1. **Standard Adam Updates**: Maintains moving averages of gradients and squared gradients
2. **Relativistic Scaling**: Applies physics-inspired scaling to prevent explosion
3. **Adaptive Mechanisms**: Optional warmup and adaptive speed limits

### The Core Algorithm

```python
# Standard Adam momentum
m_t = β₁ * m_{t-1} + (1 - β₁) * g_t
v_t = β₂ * v_{t-1} + (1 - β₂) * g_t²

# Compute update
update = lr * m_t / (√v_t + ε)

# Apply relativistic scaling
if ||update|| < speed_limit:
    scaled_update = update / √(1 - (||update||/c)²)
else:
    scaled_update = speed_limit * tanh(||update||/speed_limit)

# Update parameters
θ_t = θ_{t-1} - scaled_update
```

## 📊 Performance

![Gradient Explosion Comparison](high_lr_explosion_comparison.png)

The above figure shows how RelativisticAdam prevents gradient explosion with a high learning rate (LR=1.0) while standard Adam explodes immediately.


## 📝 Citation

If you use RelativisticAdam in your research, please cite:

```bibtex
@software{relativistic_adam,
  title = {RelativisticAdam: A Physics-Inspired Optimizer for Gradient Explosion Prevention},
  author = {Souradeep Nanda},
  year = {2025},
  url = {https://github.com/Ghost---Shadow/relativistic-adam}
}
```

## 🤝 Contributing

Contributions are welcome! Please feel free to submit a Pull Request. For major changes, please open an issue first to discuss what you would like to change.

## 📄 License

This project is licensed under the MIT License - see the [LICENSE](LICENSE) file for details.

## 🙏 Acknowledgments

- Inspired by the elegant principles of special relativity
- Built on top of PyTorch's optimization framework
- Thanks to the open-source community for feedback and contributions

## 🐛 Troubleshooting

### Common Issues

1. **Still experiencing gradient explosion**: Try reducing the `speed_limit` parameter
2. **Training too slow**: Increase `speed_limit` or use `adaptive_speed=True`
3. **Validation loss not decreasing**: The speed limit might be too restrictive

### FAQ

**Q: How is this different from gradient clipping?**  
A: RelativisticAdam provides smooth, differentiable scaling rather than hard cutoffs, and the scaling is inspired by relativistic physics.

**Q: Can I use this with other optimizers?**  
A: The relativistic scaling mechanism could be adapted to other optimizers.
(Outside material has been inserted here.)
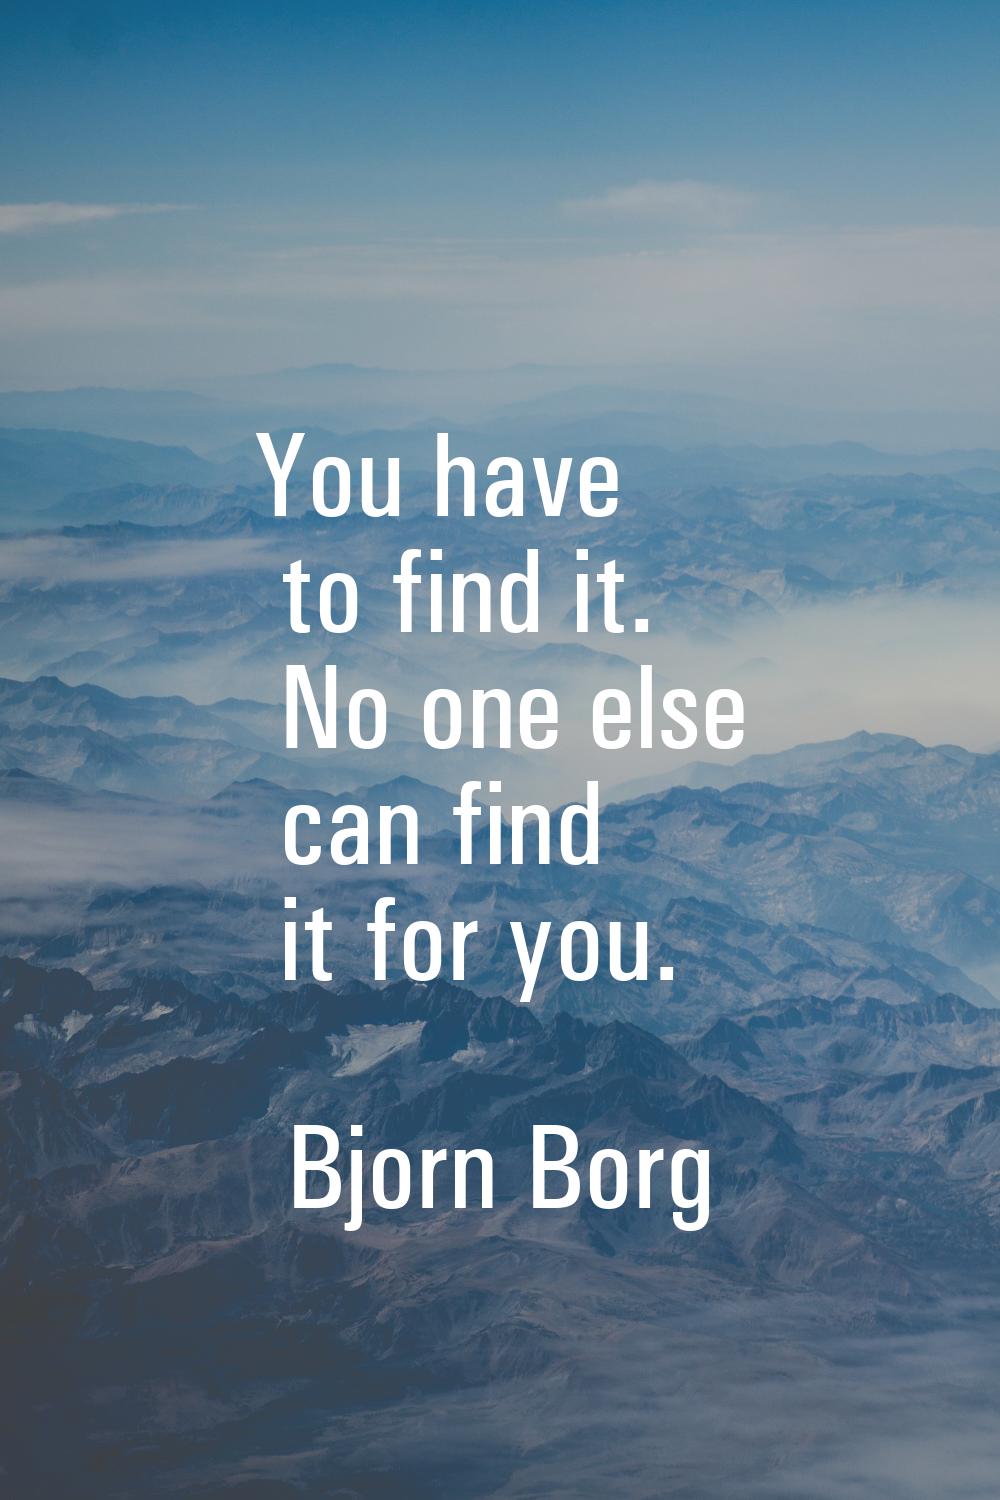 You have to find it. No one else can find it for you.

PRs welcome!

**Q: What's the computational overhead?**  
A: Minimal - just computing norms and applying scaling, similar to gradient clipping.

## 📮 Contact

For questions and feedback:
- Open an issue on [GitHub](https://github.com/Ghost---Shadow/relativistic-adam)

---

**Note**: This is an experimental optimizer. While it shows promising results in preventing gradient explosion, it should be thoroughly tested in your specific use case before production deployment.